#### WHAT TO PRODUCE:
Return the line that has "Dog wearing harness" and all lines below it through the last, exactly as they stand; omit pictures.

#### DATASET SECTION:
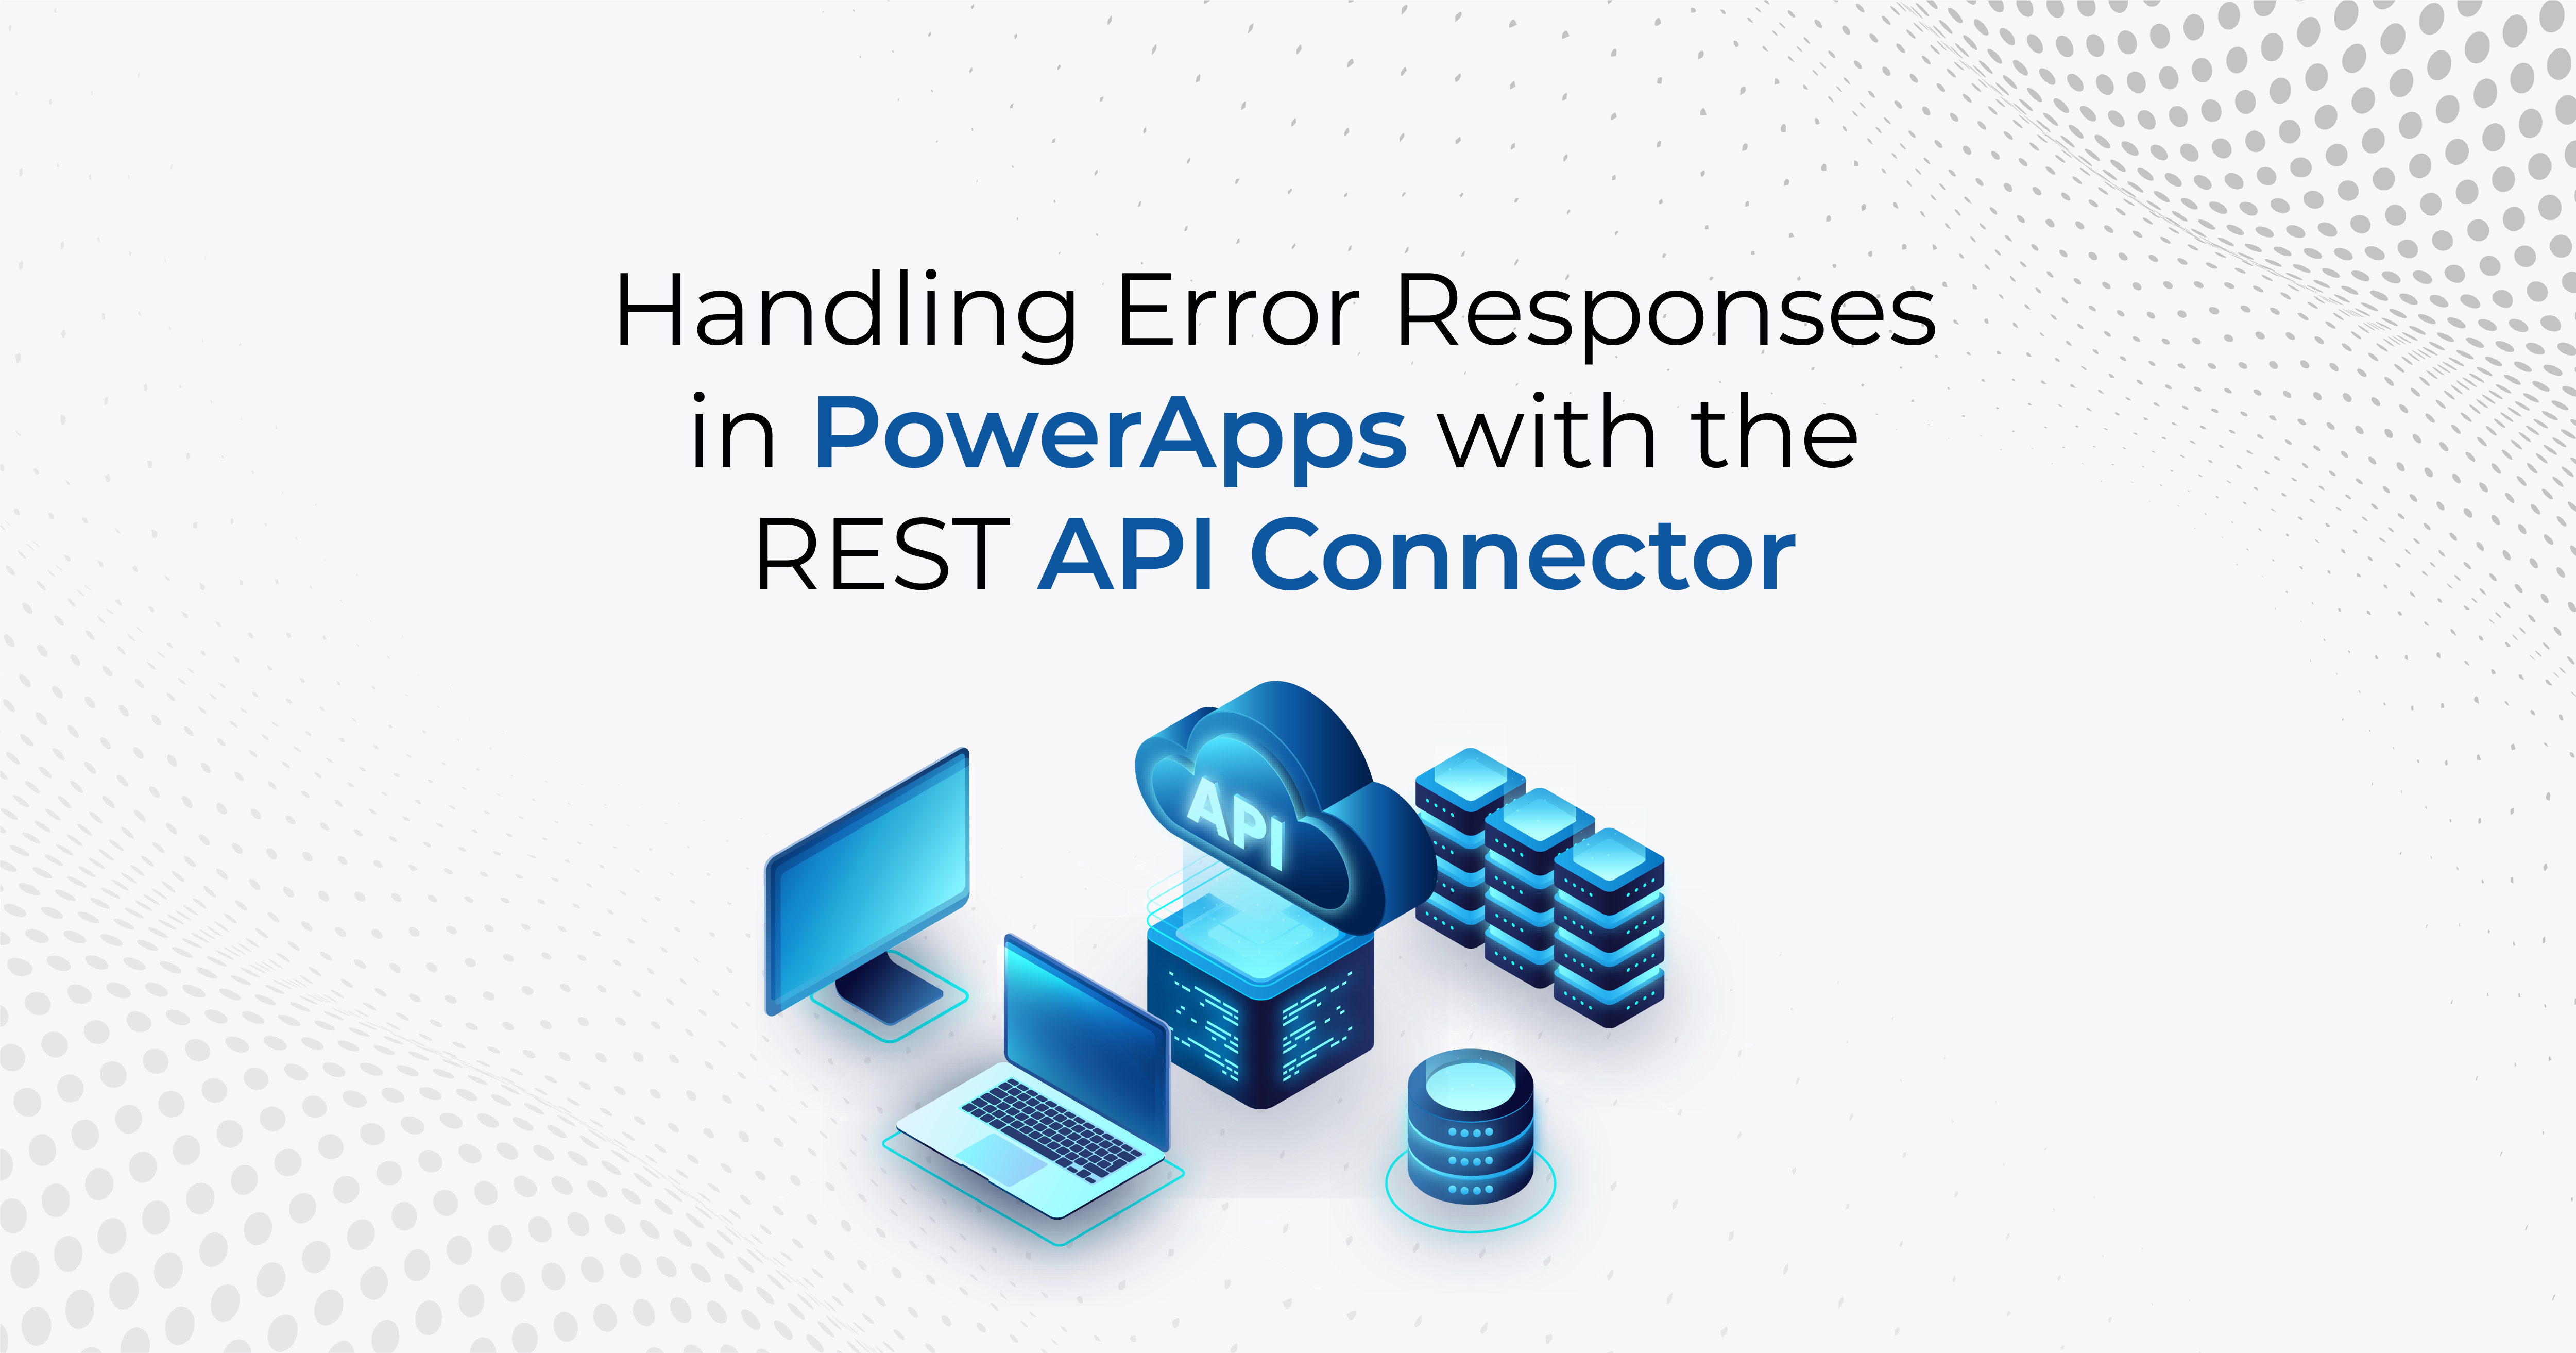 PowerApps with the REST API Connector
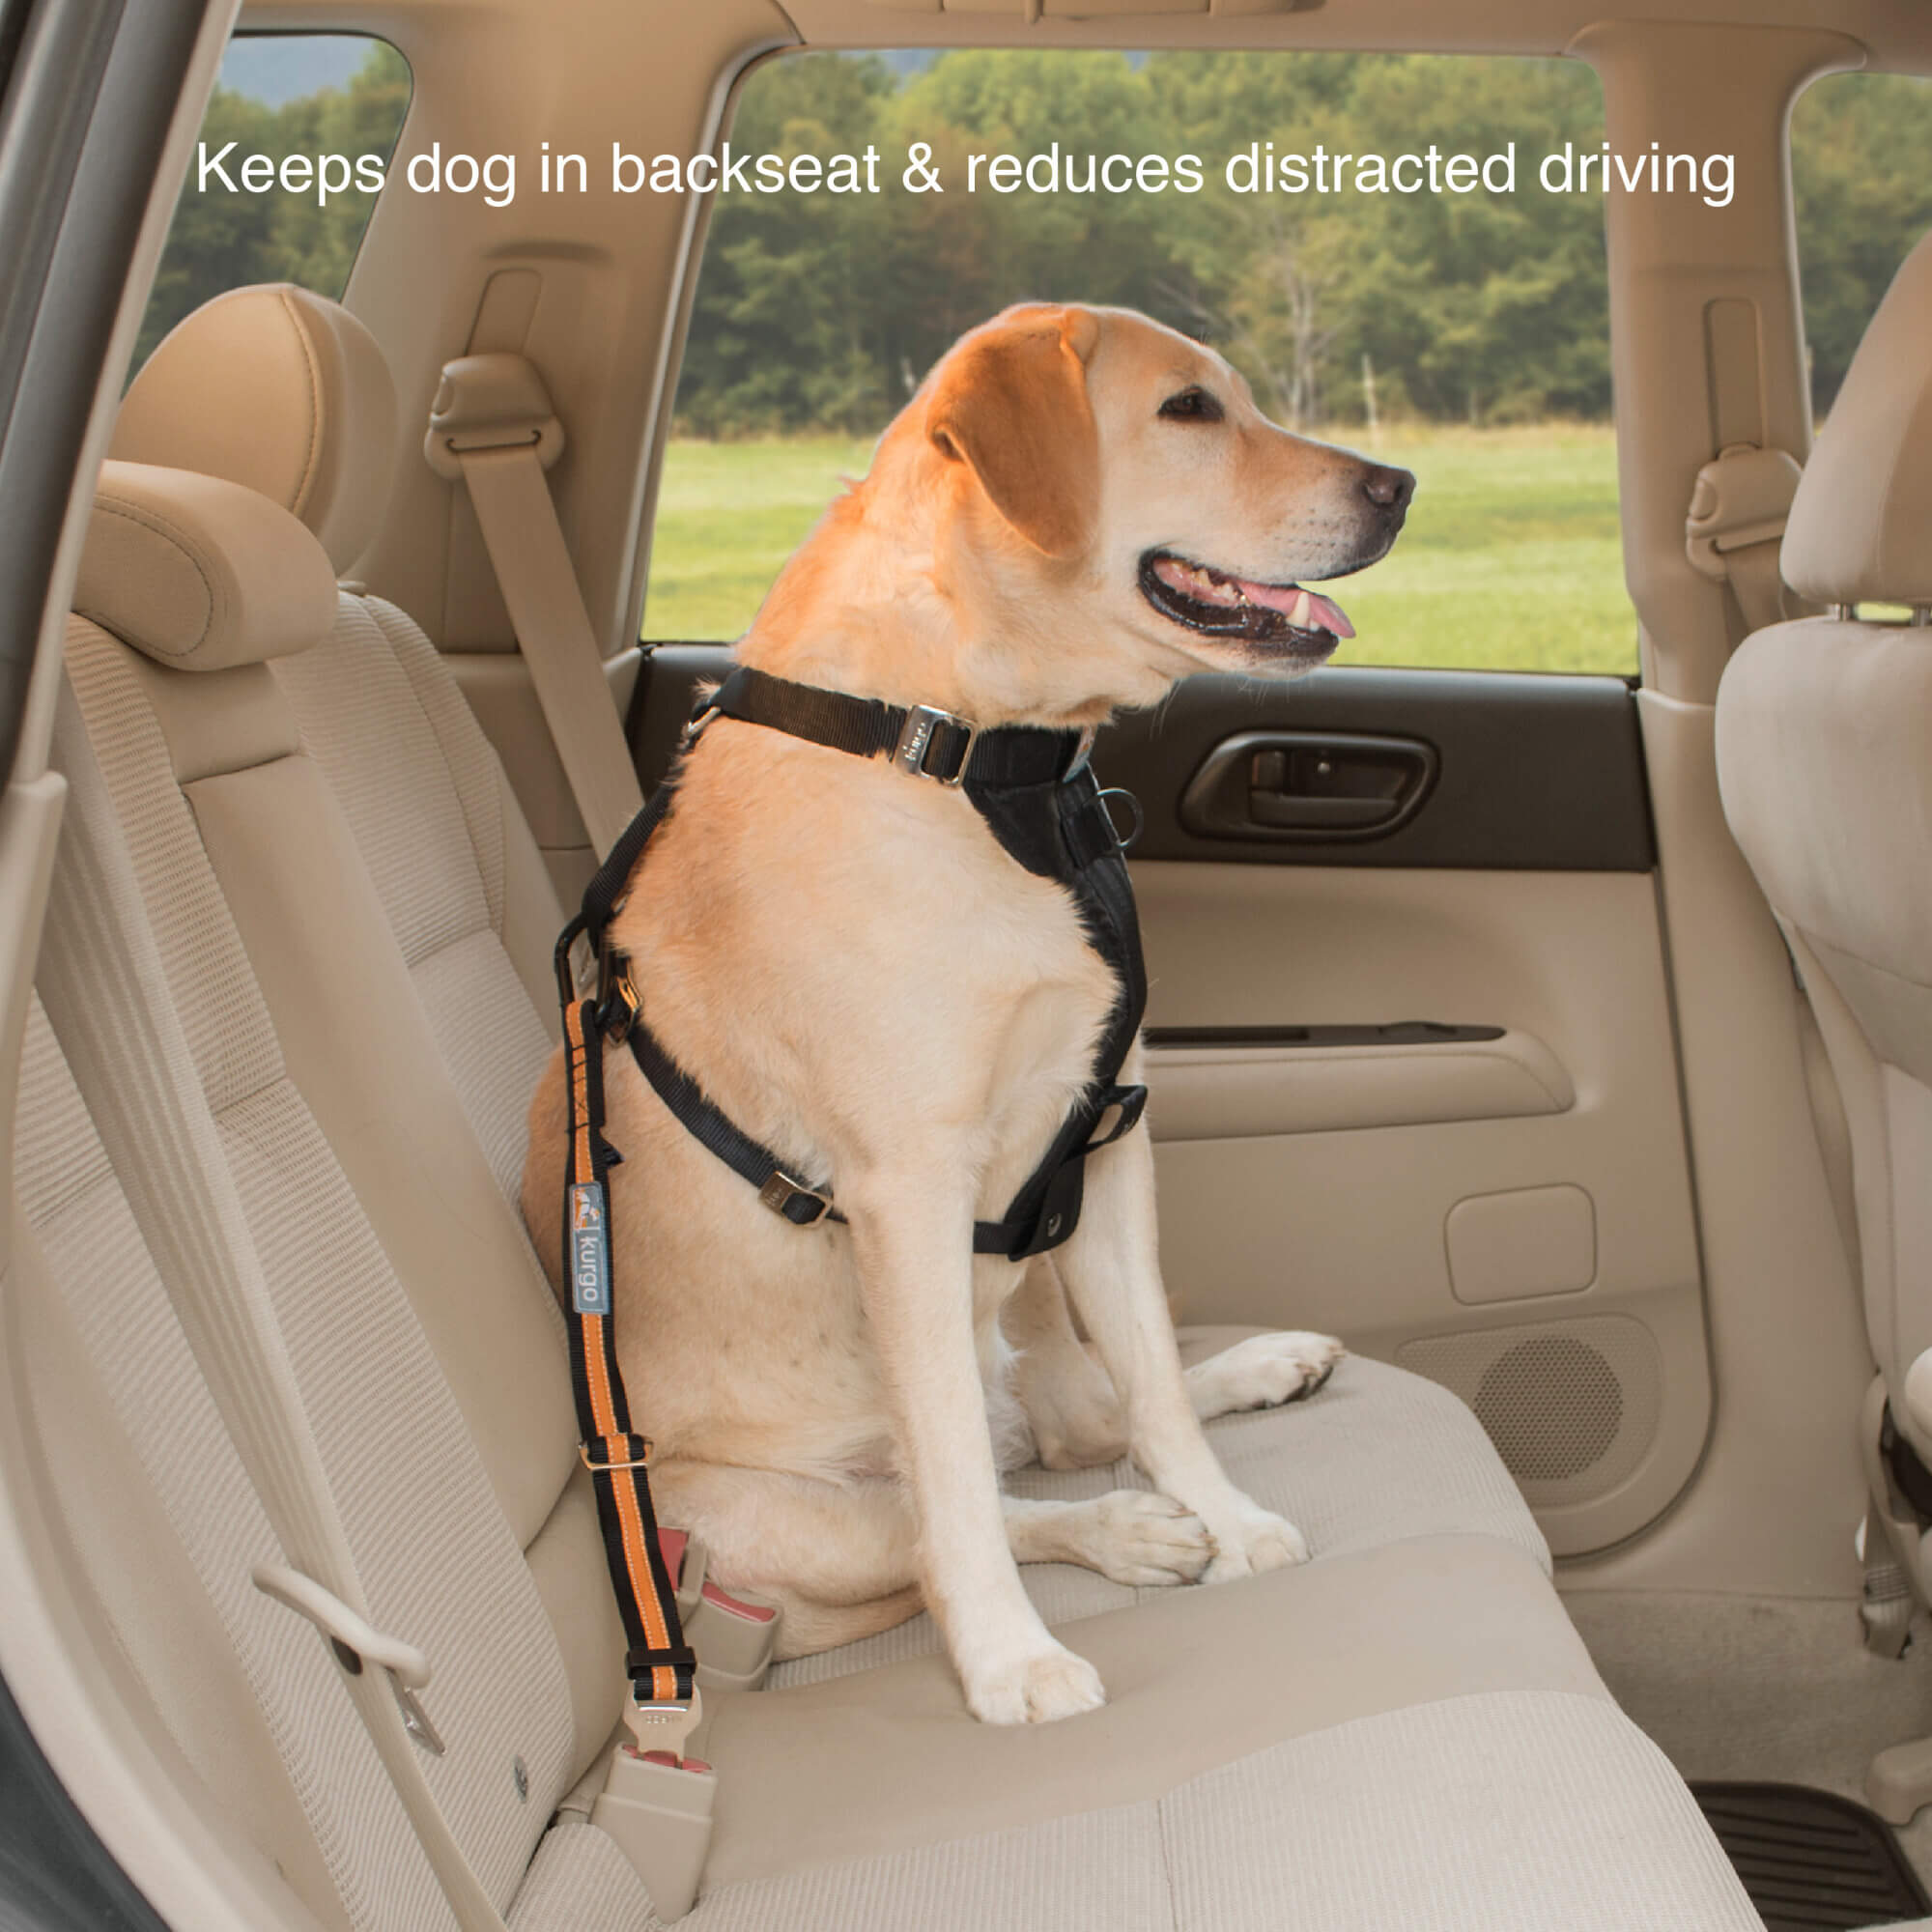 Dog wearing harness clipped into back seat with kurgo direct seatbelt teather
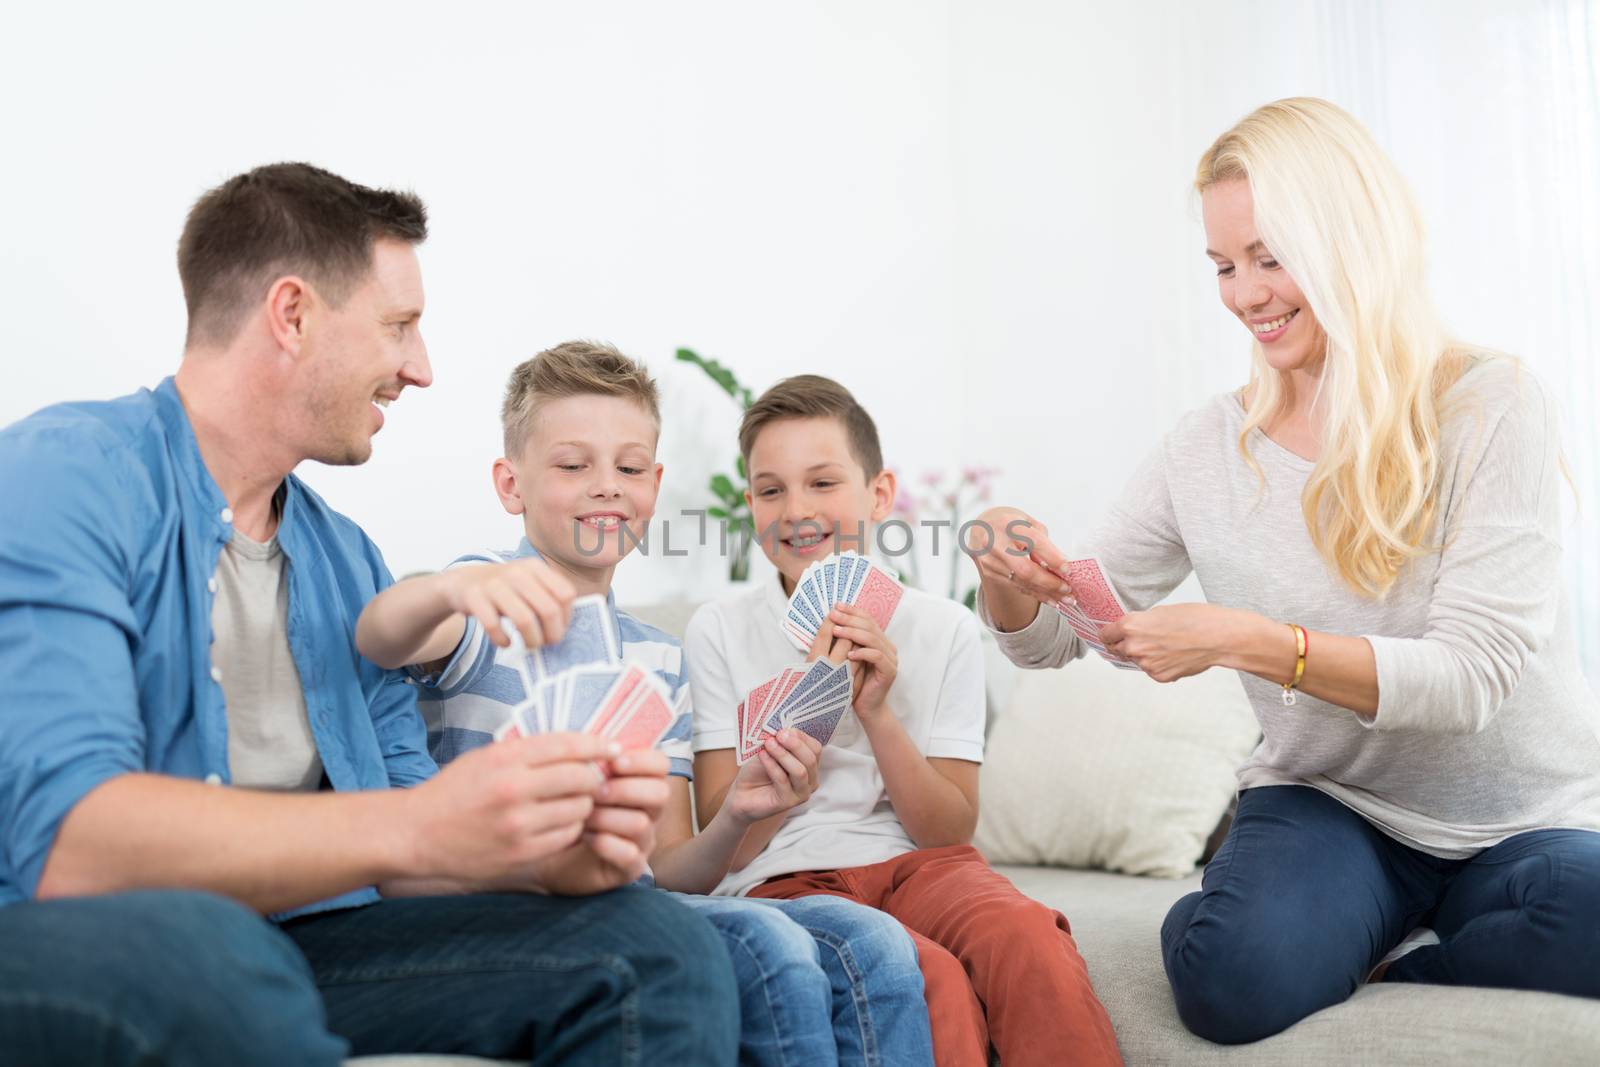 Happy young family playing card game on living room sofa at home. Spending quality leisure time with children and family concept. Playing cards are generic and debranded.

#### THE ANSWER:
 Dog wearing harness clipped into back seat with kurgo direct seatbelt teather
 Happy young family playing card game on living room sofa at home. Spending quality leisure time with children and family concept. Playing cards are generic and debranded.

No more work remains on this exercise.